|my running buddies|
GREAT day today. finally really felt the double digit temperature.
first time sitting on the benches at lunch. no jacket - but i did have a blazer on. still felt the sun on my back. it was glorious. so glorious that i actually ate ALL my food - really rare (im not a big eater. im an often eater)
ANYWAY, on my way home i saw a bunch of people running, jogging, rollerblading, biking, walking. i got jealous. so as soon as i got home, i changed and went for a jog before i could convince myself otherwise. its been a while, pavement.
the last time i ran outside was after my trip to south africa last year - so that was probably around september. i felt a huge pain on my hip not even 5 minutes into my route and i just could not run anymore. i rested and let the pain go away but it would happen every time i tried. and then winter happened.
over the winter i tried to do other things to strengthen my right knee (reconstructed ACL) and fix my gait so my left hip wont hurt. i was on my way to recovering but one evening while outdoor ice skating with my cousin i tweaked my knee - hard. add to that the fierce winter we had and i was out of commission - even uncrossing my legs from a sitting position would cause my knee to move in the wrong direction and cause me immense pain which would eventually go away but its just so scary - the last time i felt that pain i wasnt able to unbend me knee for several days and eventually found out i needed knee surgery.
i digress. this is about getting back into it.
ive been doing a bit of strengthening and stretching and indoor running since. its gotten better but im not back to the same condition i was after i was released from post-op physiotherapy. mostly because im not as consistent as i used to be. post-op physio was at least twice a week of intense strengthening which ive stopped doing. i know, i shouldnt have. im trying to get back into that as well. i dont think i want a re-do of the surgery.
so today was the first day i laced up my running shoes and let it hit the outdoor terrain. it was great. i did my usual route. i thought i did way worse that my usual time (which wasnt great to begin with) but it was actually not bad.

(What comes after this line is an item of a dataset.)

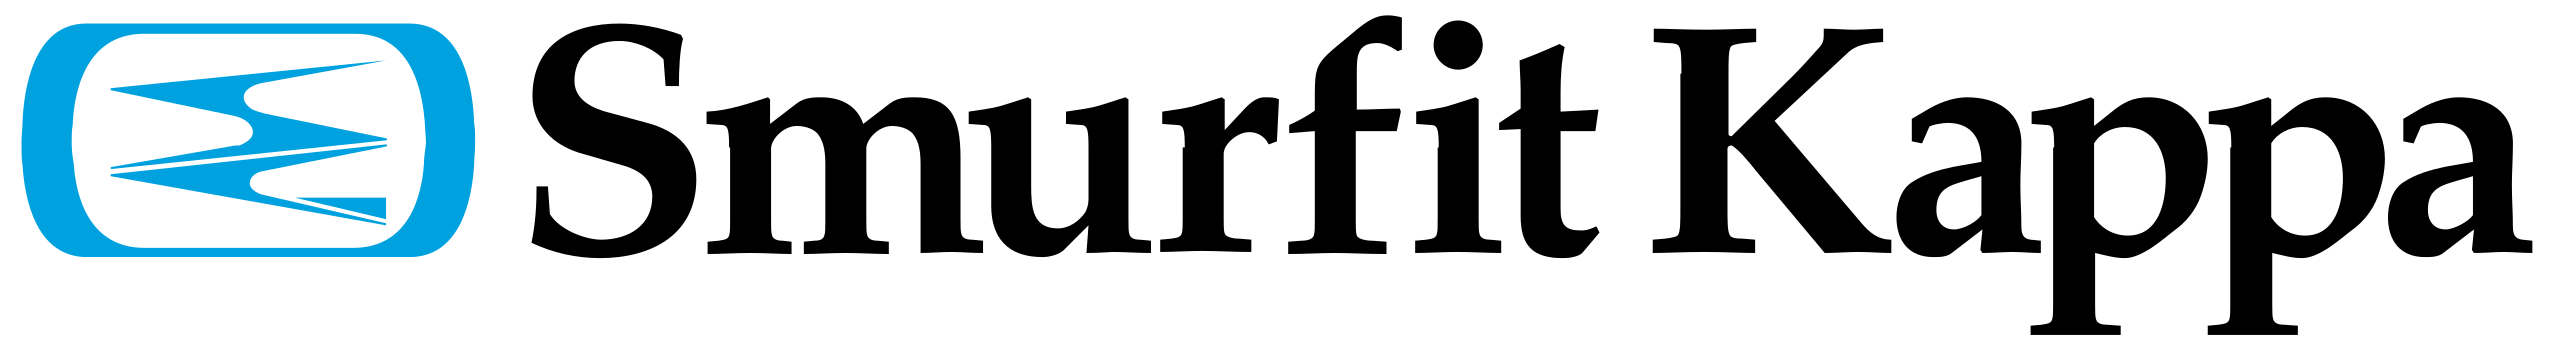 Logo Smurfit Kappa.

|nice and sunny day in southern ontario|
it looks like the temperature is slowly rising so this means that i get to go outside more. im nervous and excited. i never thought id be the type to run outdoors. i didnt even know that i liked running. i just tried it one day and it wasnt as bad as i thought it would be. i dont even know why i thought it would be "bad." i fell into yoga the same way. a friend asked me if i wanted to join her. i said yes and committed to it before i could even think too much about it. and now we go quite regularly. im no expert yogi but i can definitely go more now than a year ago. ive pushed my body to do things that i didnt think it could.
im the type to stick to what i said i would do (some times more lasting than others). more so if ive made myself more accountable by saying it out loud in front of other people. my brain automatically thinks, "youve said it. now you really have to do it." theres been a bunch of changes lately. a whole bunch of things i never thought i would do (and actually enjoy) im doing now. i guess this is the power of saying yes and committing. now i just need to battle my problem of getting bored easily. but that a different entry all together.
you never know.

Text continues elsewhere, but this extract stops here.